The highlights for the three months ended March 31, 2009 include:
• U.S. Transmission's earnings decreased due primarily to lower margins from gas processing, partially offset by an increase from expansion projects placed into service in late 2008,
• Distribution results reflect a weaker Canadian dollar, partially offset by higher storage and transportation revenues,
• Western Canada Transmission & Processing earnings decreased primarily as a result of lower NGL prices related to the Empress processing plant and a weaker Canadian dollar, partially offset by higher gathering and processing revenues,
• Field Services earnings reflect lower NGL and natural gas prices in 2009, partially offset by the recognition of a deferred gain associated with partnership units previously issued by DCP Partners, and
• results for Other decreased primarily due to an overall increase in the cost of benefits in 2009.
In the first quarter of 2009, we reported $176 million of capital and investment expenditures.

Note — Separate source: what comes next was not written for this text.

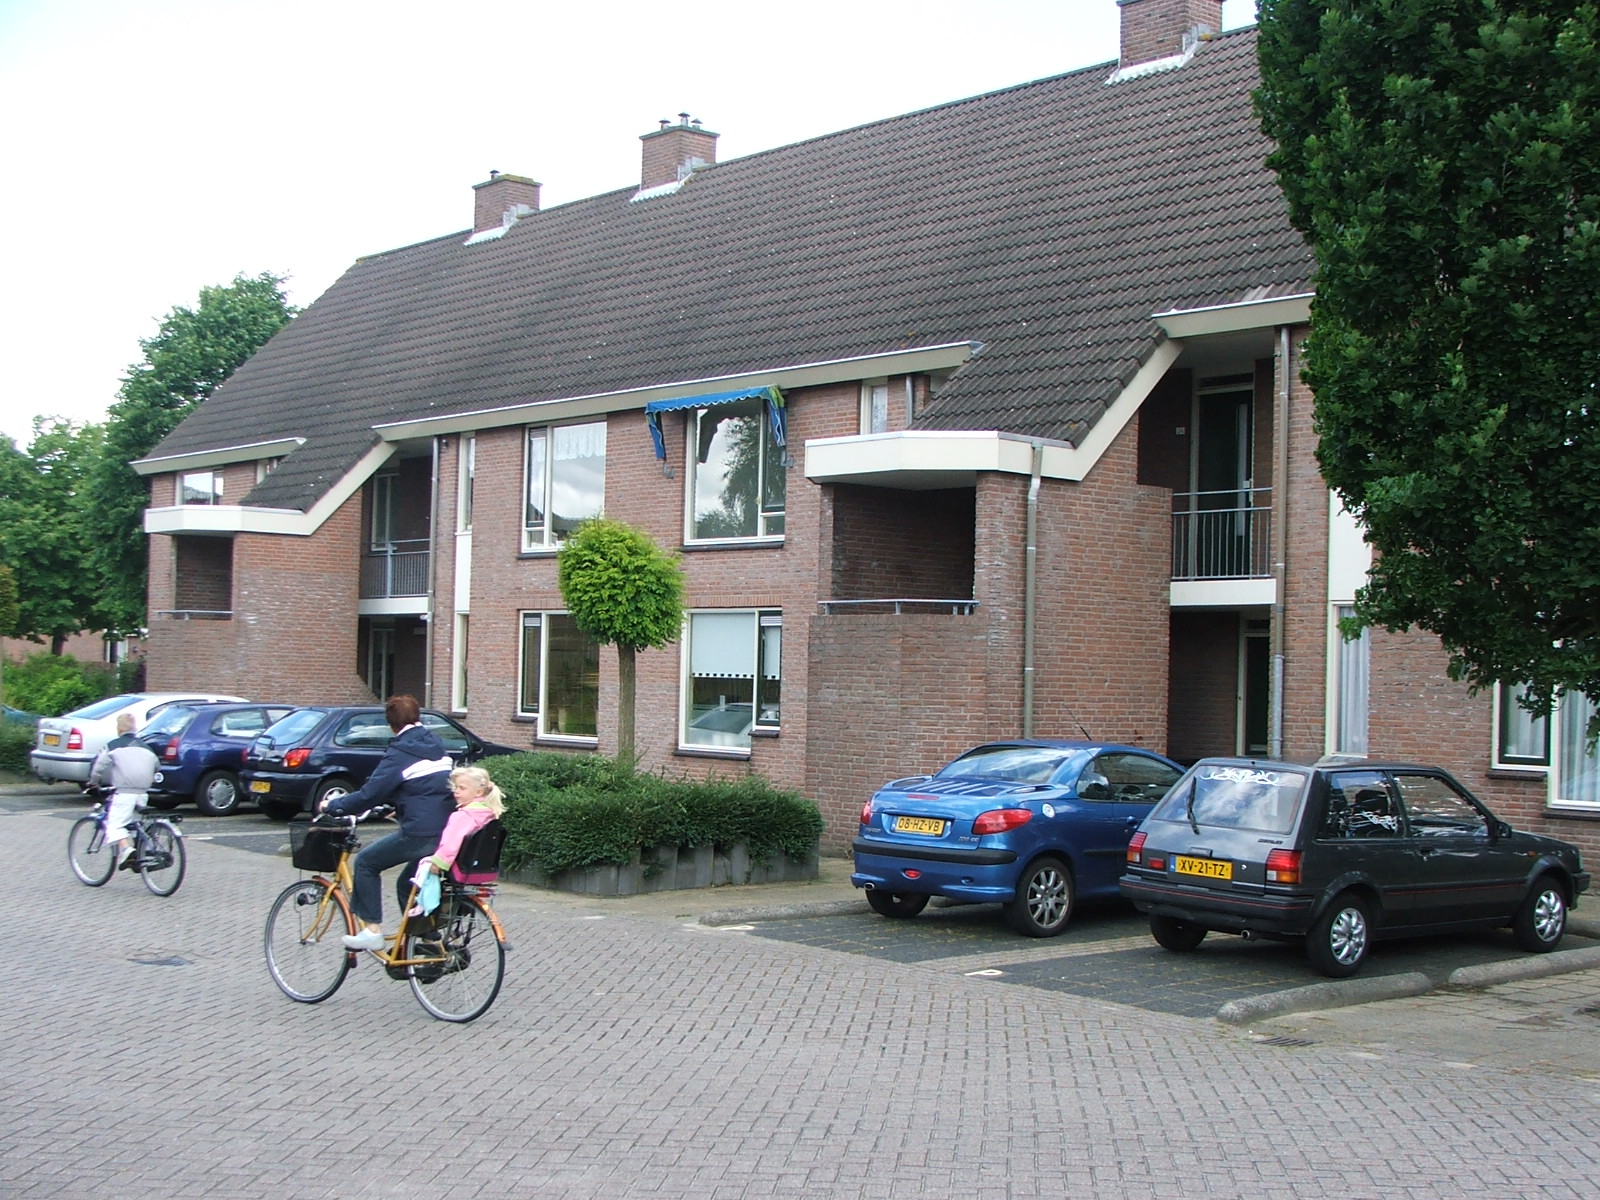 Acaciastraat 8, 2461 DK Ter Aar, Nederland

Approximately $1 billion is projected for the full year and includes expansion capital of approximately $500 million.
On February 13, 2009, in order to further protect our capitalization structure against a potential extreme decline in the Canadian dollar, we issued 32.2 million shares of our common stock and received net proceeds of $448 million.
As of March 31, 2009, we continue to have ongoing access to approximately $2.6 billion in credit facilities and expect to continue to utilize commercial paper and revolving lines of credit, as needed, to fund liquidity needs throughout 2009.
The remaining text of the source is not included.